United States historic landmark in New Mexico

The KiMo Theatre is a theatre and historic landmark located in Albuquerque, New Mexico on the northeast corner of Central Avenue and Fifth Street. It was built in 1927 in the extravagant Pueblo Deco architecture, which is a blend of adobe-style Pueblo Revival architecture building styles (rounded corners and edges), decorative motifs from indigenous cultures, and the soaring lines and linear repetition found in American Art Deco architecture.

==History==
The KiMo was conceived by Italian-American entrepreneur Oreste Bachechi (c. 1860–1928) and his wife, Maria Franceschi Bachechi (c. 1865–1959). It was Mrs. Bachechi's desire to give a tribute to the Native Americans who had embraced the Bachechi family as part of their own.
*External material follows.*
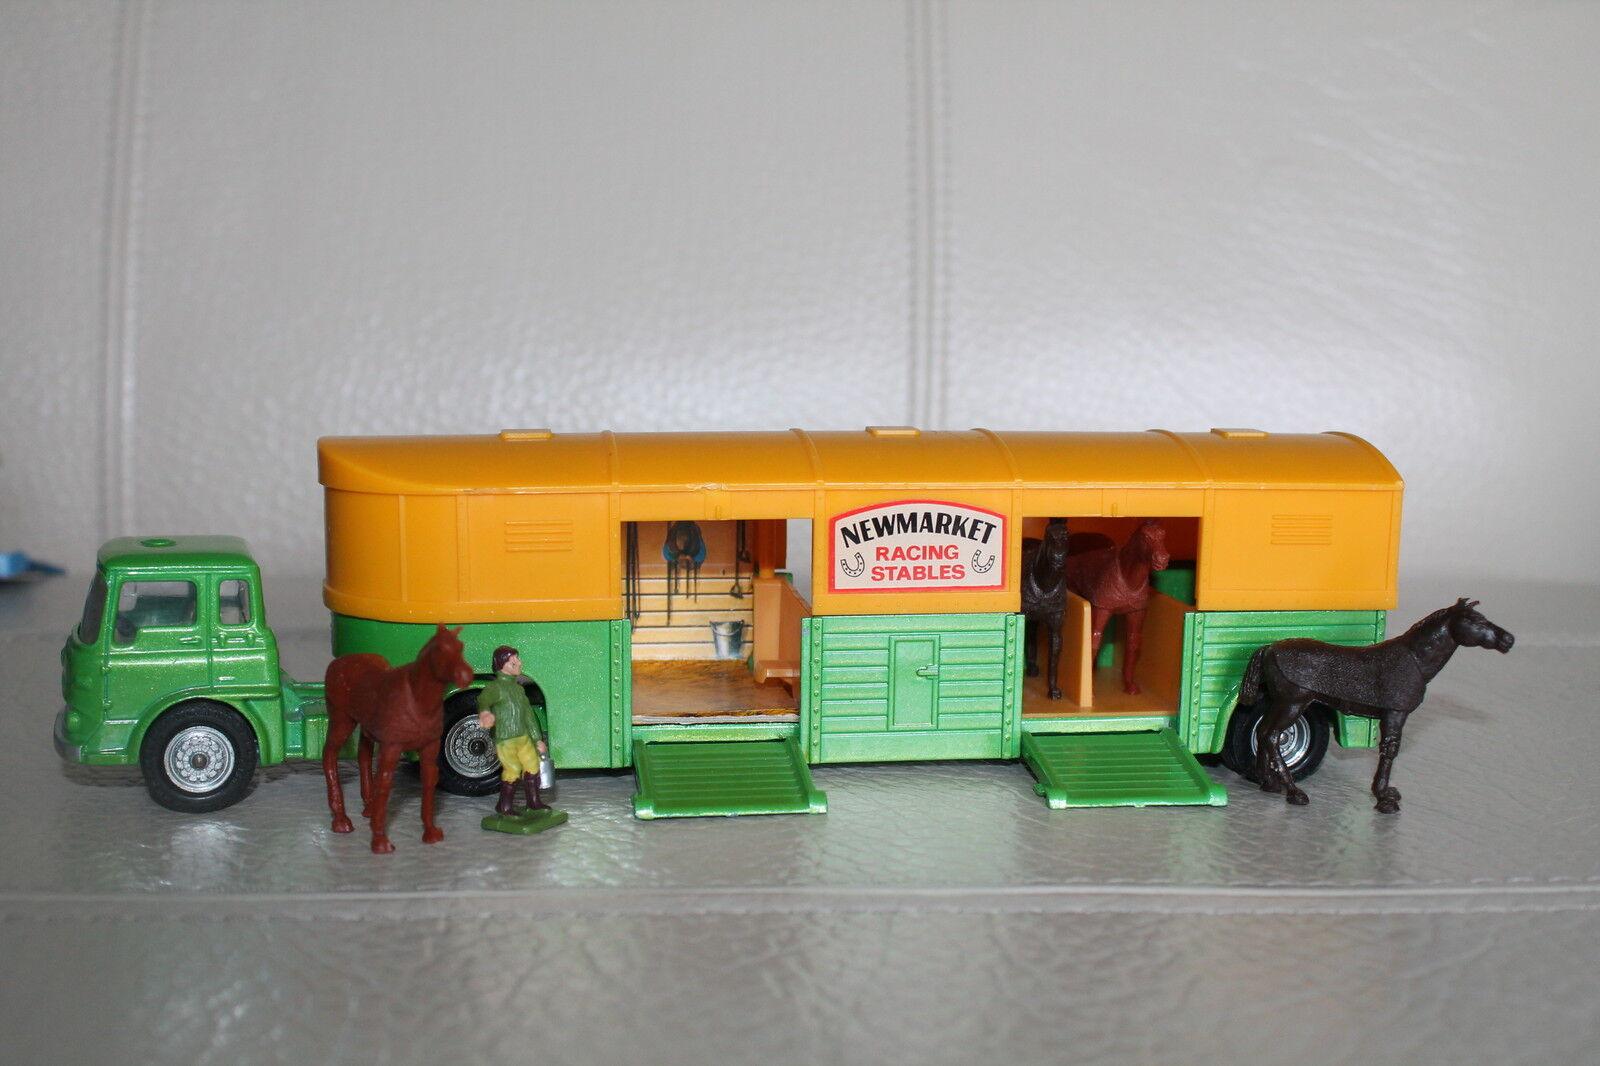 CORGI  toys  Bedford Horse transporteur  nouveaumarket stables  top  vente discount en ligne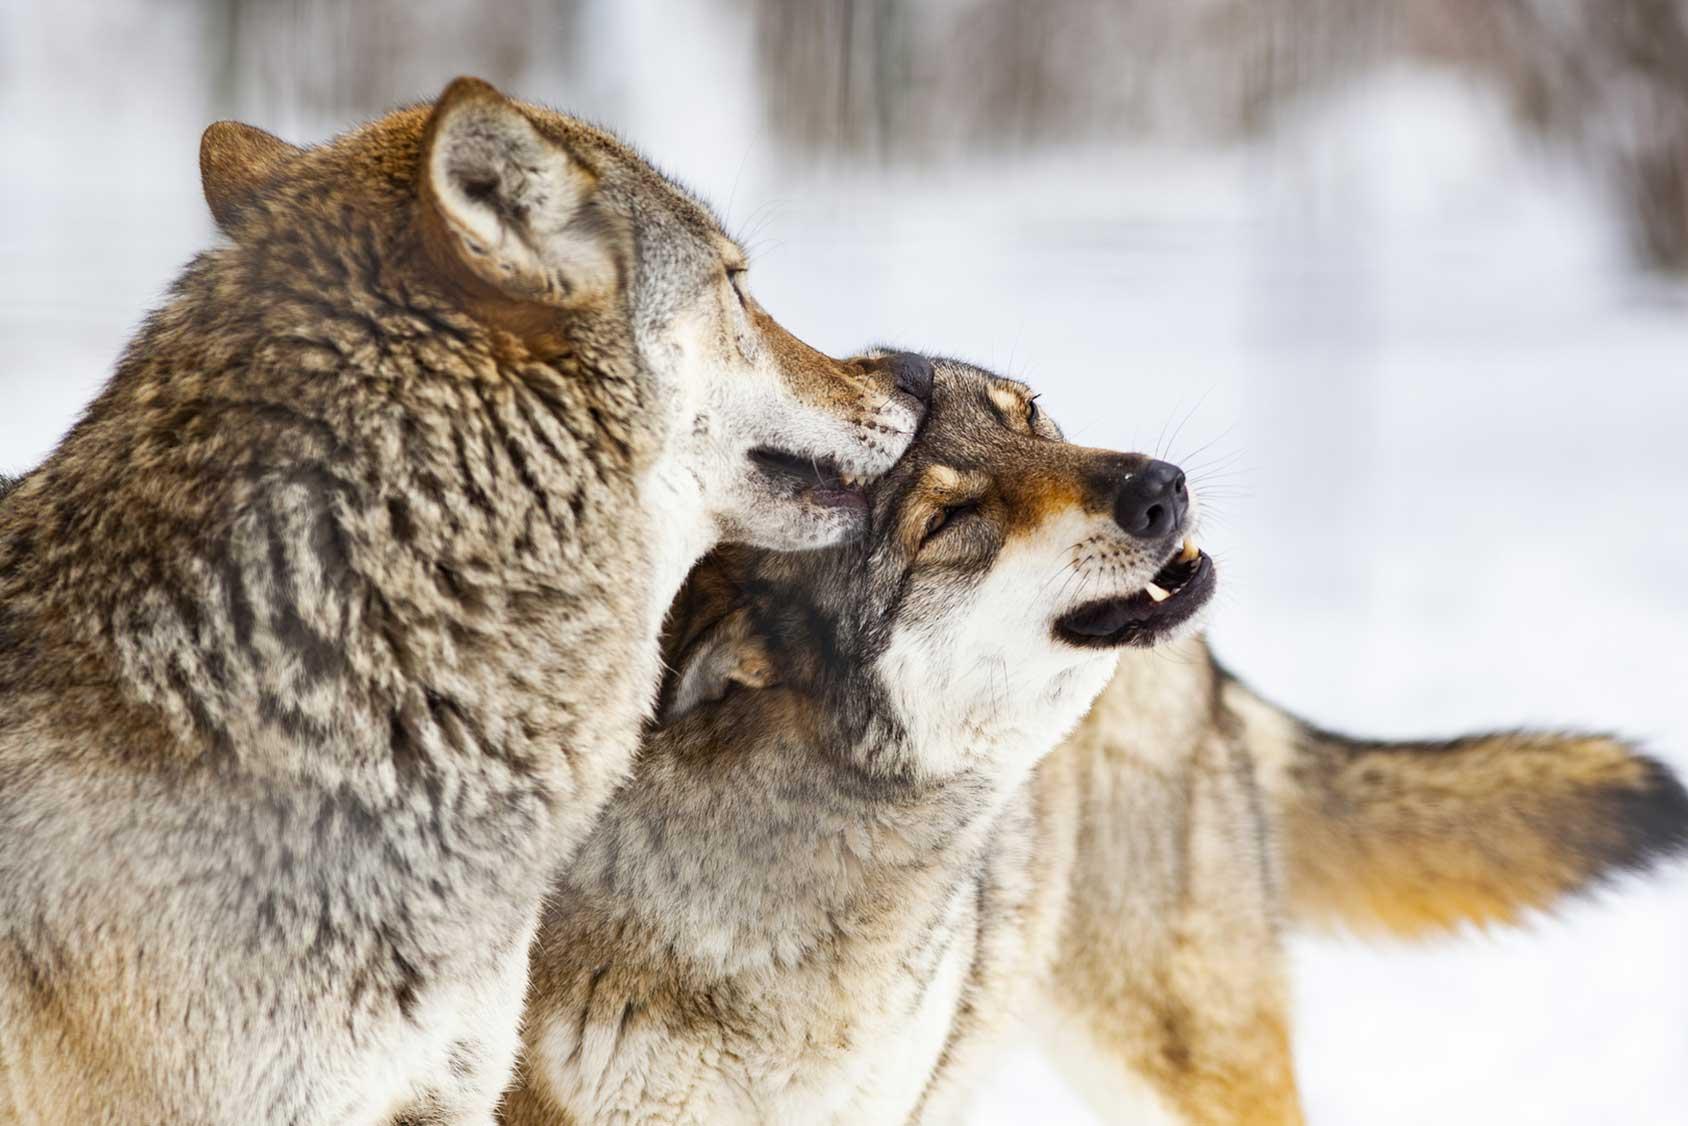 Zum Abschuss freigegeben: Die Situation der Wölfe in Deutschland

After much travel and meetings with various architects in both NM and California, the design was accepted from Carl Boller of the Boller Brothers architecture firm, who conducted an extensive investigation into the cultures and building styles of the Southwest before submitting his design. The theater is a three-story stucco building with the stepped massing characteristic of native pueblo architecture, as well as the recessed spandrels and strong vertical thrust of Art Deco skyscrapers. Both the exterior and interior of the building incorporate a variety of indigenous motifs, like the row of terra cotta shields above the third-floor windows.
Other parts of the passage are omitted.